Jadi bila lambung ditemukan berisi makanan kasar berati korban meninggal dalam
waktu ± 6 jam setelah makan terakhir. Bila ditemukan lambung tak terisi makanan,
duodenum dan ujung atas usus halus berisi makanan yang telah tercerna, berati
korban meninggal dalam waktu lebih ± 6 jam setelah makanan terakhir.:
Faktor-faktor yang mempengaruhi pengosongan isi lambung
a. Motilitas lambung dan aktivitas getah lambung
b. Jumlah makanan dalam lambung dan isi dari lambung
c. Sifat makanan ; padat, setengah cair, cair. Makanan yang terdiri dari
karbohidrat lebih cepat melalui lambung daripada protein oleh karena
karbohidrat lebih cepat dirubah menjadi setengah cair. Sedangkan protein lebih
cepat daripada lemak karena lemak menghambat motilitas lambung.
d. Emosi: rasa takut memperlambat makanan meninggalkan lambung.
e. Keadaan fisik si korban: pada commotio serebri yang berat, makanan tidak
dicerna setelah koma lebih dari 24 jam.
Makanan yang tidak dicerna dalam lambung masih dapat dikenal berminggu-
minggu setelah korban meninggal dan bila jenazah sudah membusuk, dapat
membantu identifikasi korban jika diketahui jenis makanan terakhir yang telah
dimakan korban.
3. Rambut dan jenggot
Dapat membantu mengetahui saat kematian dalam hubungan dengan saat terakhir
korban mencukur jenggotnya. Rambut pada orang hidup mempunyai kecepatan
tumbuh 0,5 mm/hari dan setelah meninggal tidak tumbuh lagi. Pemeriksaan rambut
jenggot ini harus dilakukan dalam 24 jam pertama sebab lebih dari 24 jam kulit
mengkerut dan rambut dapat lebih muncul di atas kulit dagu sehingga seolah-olah
rambuh masih tumbuh. Rambut lepas setelah 14 hari.

4. Keadaan kuku : kuku akan terlepas setelah 21 hari.

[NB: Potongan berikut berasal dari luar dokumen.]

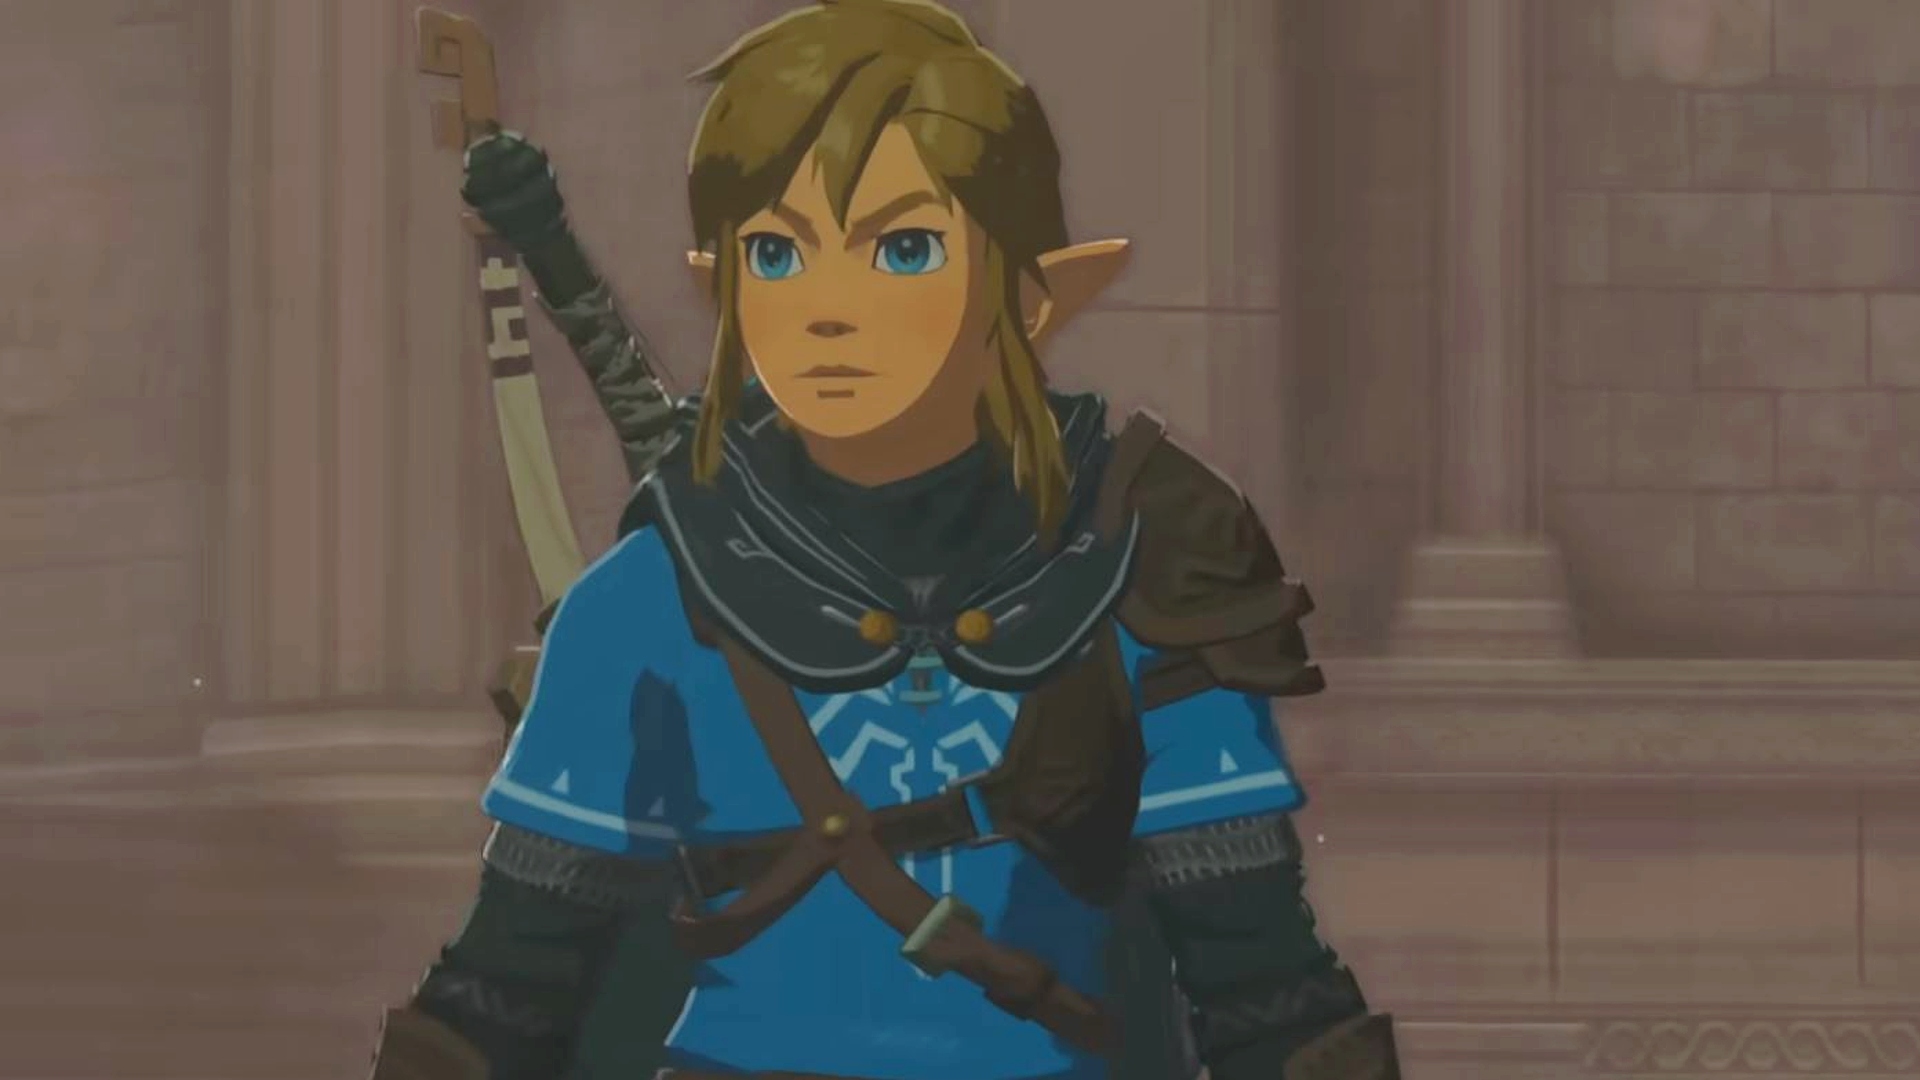 Breath Of The Wild' Has Been Confirmed To Be At The End Of The 'Zelda'  Timeline

2.2.4. Cara Kematian, Penyebab Kematian, dan Mekanisme Kematian


a. Sebab mati adalah penyakit atau cedera/luka yang bertanggung jawab atas
terjadinya kematian.
b. Cara kematian adalah kejadian yang menimbulkan penyebab kematian. Bila
kematian akibat suatu penyakit, maka cara kematian adalah wajar (natural death).
Bila kematian terjadi akibat cedera atau luka, atau pada seseorang yang sudah
mengidap suatu penyakit tapi kematiannya dipercepat oleh adanya cedera atau
luka maka kematianya adalah kematian tidak wajar (unnatural death).
Kadangkala pada akhir suatu penyidikan dimana penyidik masih belum dapat
menentukan cara kematian, maka dalam hal ini kematian dinatakan sebagai
kematian dengan cara yang tidak tertentukan.
c. Mekanisme kematian adalah gangguan fisiologik dan atau biokimiawi yang
ditimbulkan oleh penyebab kematian sedemikian rupa sehingga sesorang tidak
dapat terus hidup.
Beberapa contoh kasus penerapan dari cara, penyebab, dan mekanisme kematian:

- Seseorang menderita penyakit tuberkulosa paru. Pada suatu hari mengalami


hemoptoe yang hebat dan meninggal. Penyebab kematian tuberkulosa paru.
Mekanisme kematian syok akibat perdarahan paru-paru. Cara kematian
wajar.
- Seseorang mengalami perdarahan subdural akibat terjatuh dari sepeda motor
yang mengalami slip, selama perawatan 4 hari di rumah sakit, tidak pernah
sadar dari koma, mendapat komplikasi pneumoortostatik dan meninggal.
Penyebab kematian trauma kapitis. Cara kematian tidak wajar. Mekanisme
kematian perdarahan subdural dengan penyulit radang paru-paru.